2021-03-11 Thread Jinwei Zhang
Dear Colleagues,

We are looking for a new member to join our group at the Laboratory of 
Molecular Biology at NIDDK, in NIH’s main campus in Bethesda, MD, USA. Set in 
an exciting and burgeoning field, the lab explores novel structures, mechanisms 
and interactions of large noncoding RNAs in bacterial, viral and eukaryotic 
gene regulation, stress response and antiviral immunity.

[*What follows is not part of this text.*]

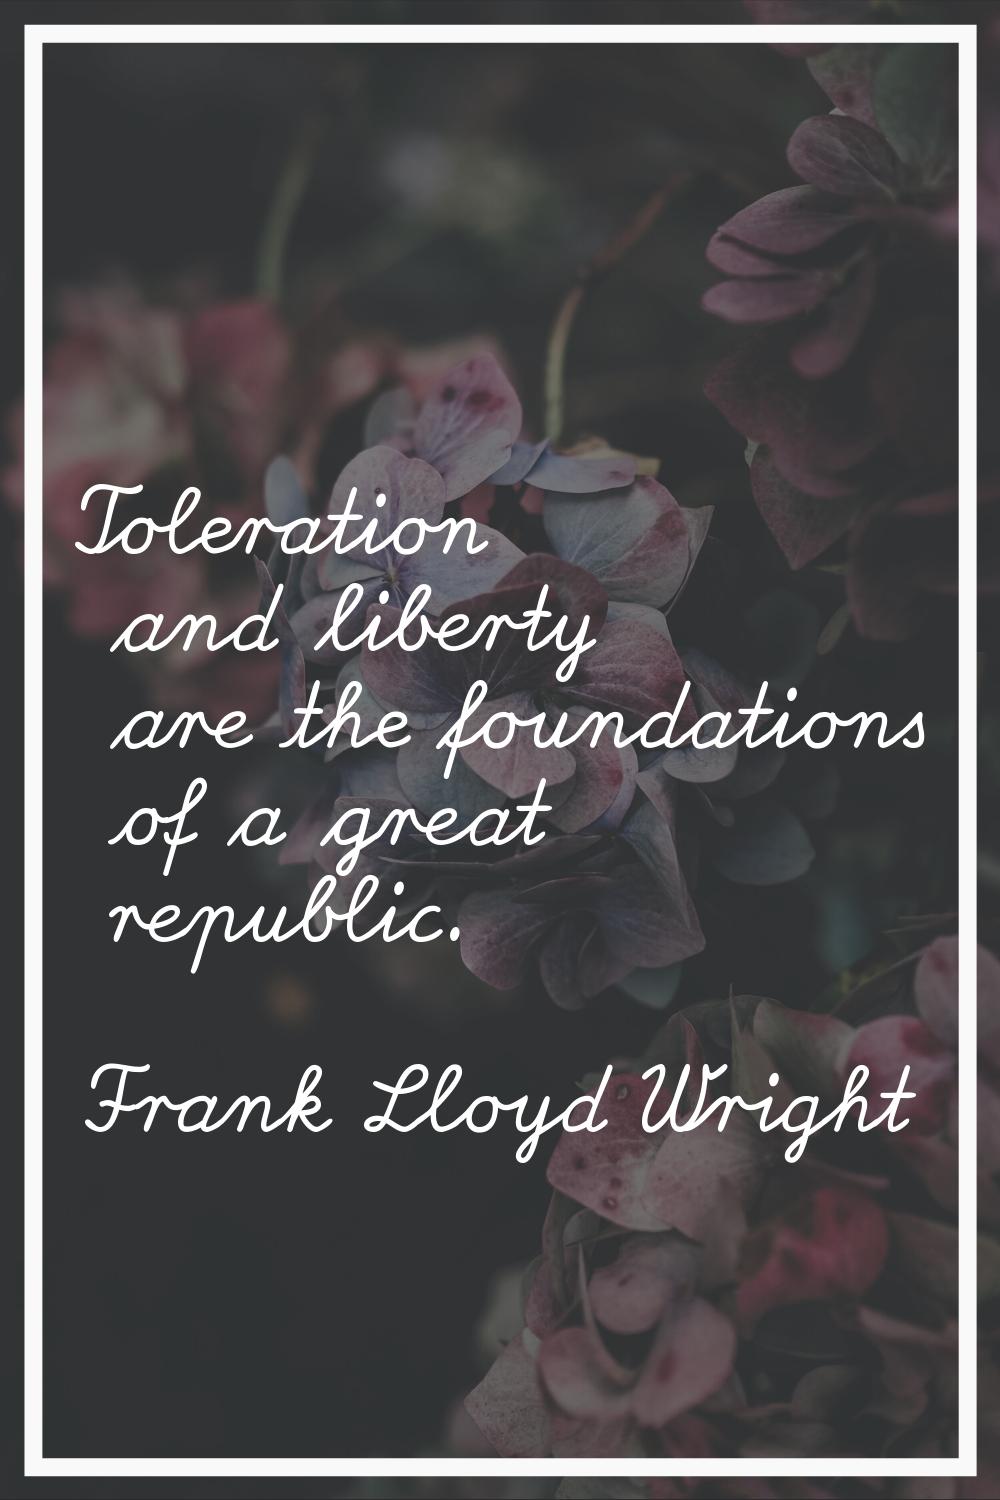 Toleration and liberty are the foundations of a great republic.

We employ multidisciplinary tools such as RNA crystallography, single-particle 
Cryo-EM, small-angle X-ray scattering, fluorescence spectroscopy, chemical 
biology, and many other biochemical and biophysical tools. If you are 
interested or know of a suitable candidate, please contact me at 
jinwei.zh...@nih.gov. Detailed ad is below

Thank you,
-Jinwei

Position Description: 

A fully funded postdoctoral position (up to 5 years) is available in the 
Structural Biology of Noncoding RNAs and Ribonucleoproteins Section, Laboratory 
of Molecular Biology (LMB), NIDDK, in NIH’s vibrant main campus in Bethesda, MD 
near Washington DC. The lab addresses a widening gap between the accelerated 
discovery and functional description of the noncoding transcriptome, and the 
lack of structural and mechanistic understanding of complex noncoding RNAs and 
RNPs. We seek a new member to join our diverse group to study gene-regulatory 
riboswitches, highly structured viral RNAs, long noncoding and circular RNAs 
and their complexes with other RNAs and immune proteins, etc. We develop and 
apply innovative technologies such as rational RNA design and engineering, RNA 
crystallography, RNA cryo-EM, XFEL, ultrafast SAXS/WAXS, single-molecule 
fluorescence, fluorescence lifetime, crosslinking-mass spec., etc. See 
https://www-mslmb.niddk.nih.gov/zhang/zhanglab.html and recent publications 
below for details:

Bou-Nader C. et al., & Zhang, J. (2021) Structural basis for host tRNA control 
of HIV-1 Gag localization., under review.
Suddala K.C & Zhang, J. (2019) High-affinity recognition of specific tRNAs by 
an mRNA anticodon-binding groove, Nat. Struct. & Mol. Biol., 26, 1114–1122.
Li S. et al., & Zhang, J. (2019) Structural basis of amino acid surveillance by 
higher-order tRNA-mRNA interactions, Nat. Struct. & Mol. Biol., 26, 1094–1105.
Hood, I.V. et al., & Zhang, J. (2019). Crystal structure of an Adenovirus 
Virus-Associated RNA, Nat. Commun. 10:2871

The well-supported lab has dedicated access to state-of-the-art equipment in 
structural biology (Mosquito, Dragonfly, Rock Imager, Akta Pures, FSEC, etc.; 
regular synchrotron access for X-ray crystallography; Titan Krios and Glacios 
for single-particle Cryo-EM; SAXS, AFM, NMR, etc), biochemistry, biophysics 
(ITC, DSC, SPR, BLI, AUC, DLS, SEC-MALS, CD, fluorescence, thermophoresis, 
iSCAMS, etc), fermentation, advanced mass spec, genomics and sequencing, and 
proteomics core facilities with hands-on training or service by dedicated 
PhD-level staff scientists.

Incoming fellows are also encouraged to bring your own ideas that you could 
develop into research programs that you can then take to your independent PI 
positions. The NIH, NIDDK, and LMB are committed to the continued education and 
career development of trainees through numerous courses and workshops offered 
by OITE, FAES, and NIDDK.

Requirements: Interested candidates must have received (or be expecting) a 
Ph.D. or M.D. within the past five years in molecular biology, structural 
biology, biochemistry, RNA biology, or a related discipline, have excellent 
oral and written communication skills, and be strongly self-motivated to design 
and participate in innovative and rigorous research projects. Prior experiences 
in structural biology are not required, as training will be provided.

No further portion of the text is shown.